*** Opening Input data ***
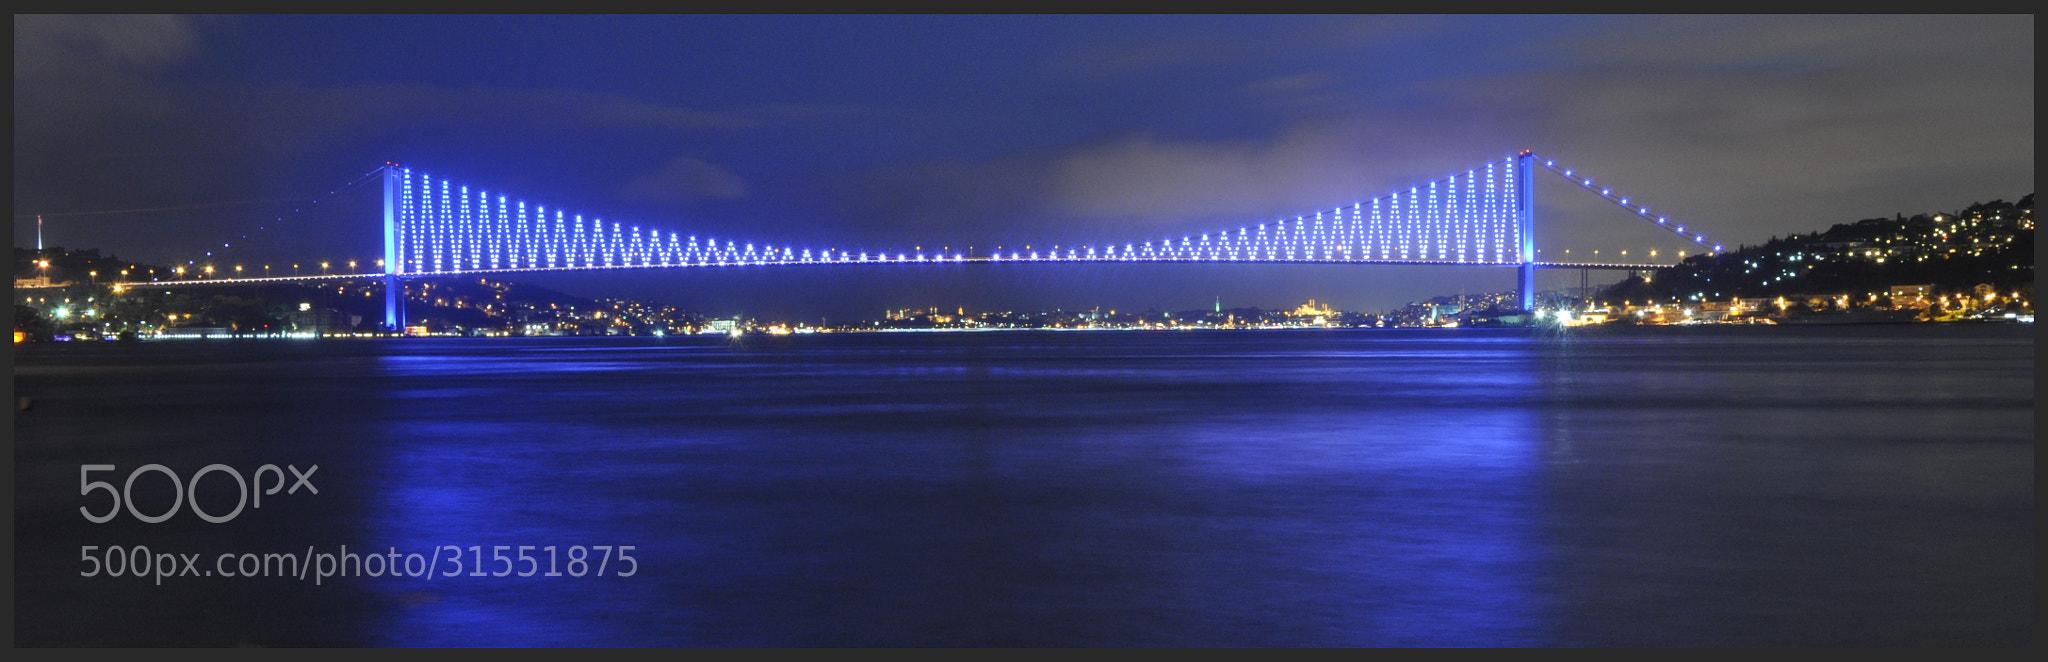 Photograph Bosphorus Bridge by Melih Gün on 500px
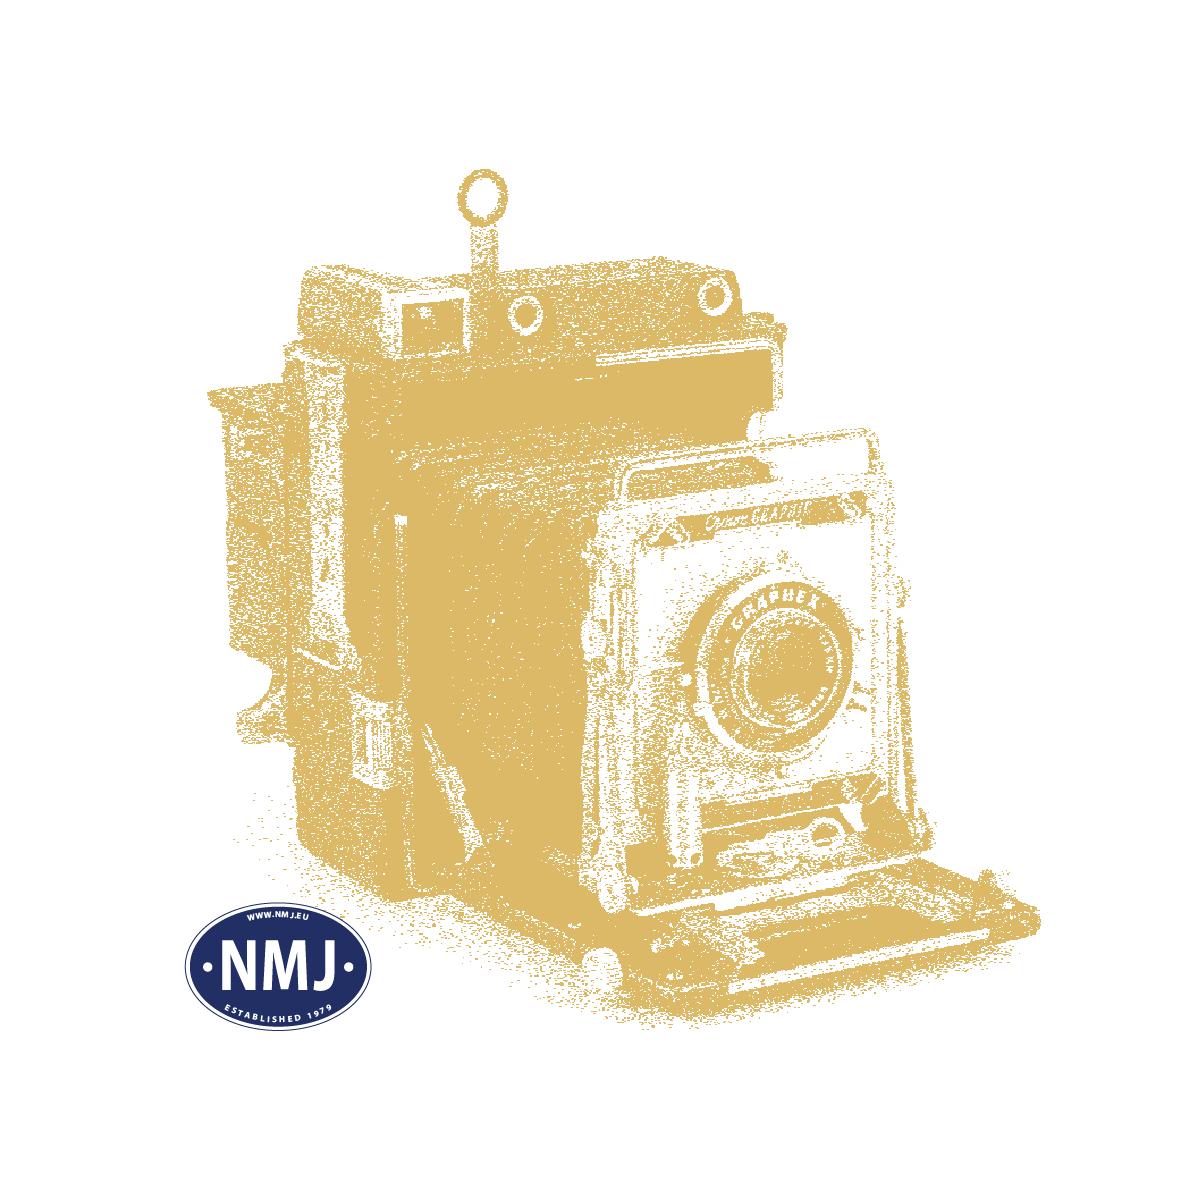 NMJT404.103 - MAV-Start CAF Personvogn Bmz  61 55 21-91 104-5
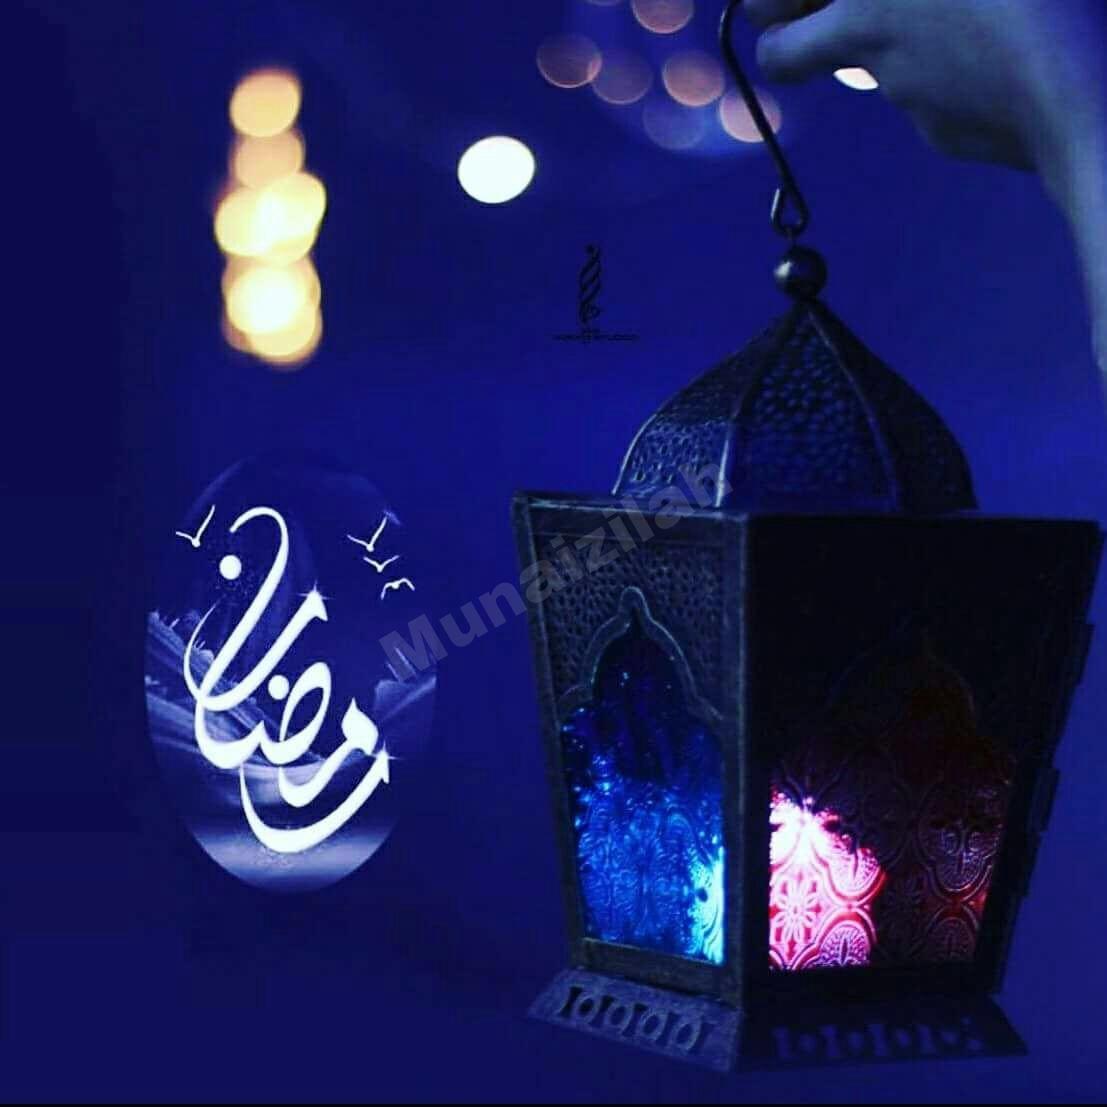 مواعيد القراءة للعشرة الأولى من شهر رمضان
*** Closing Input data ***
Task statement ▸
Every line of the material must be repeated exactly; pictures stay out.

Response area ▸
 Photograph Bosphorus Bridge by Melih Gün on 500px
 NMJT404.103 - MAV-Start CAF Personvogn Bmz  61 55 21-91 104-5
 مواعيد القراءة للعشرة الأولى من شهر رمضان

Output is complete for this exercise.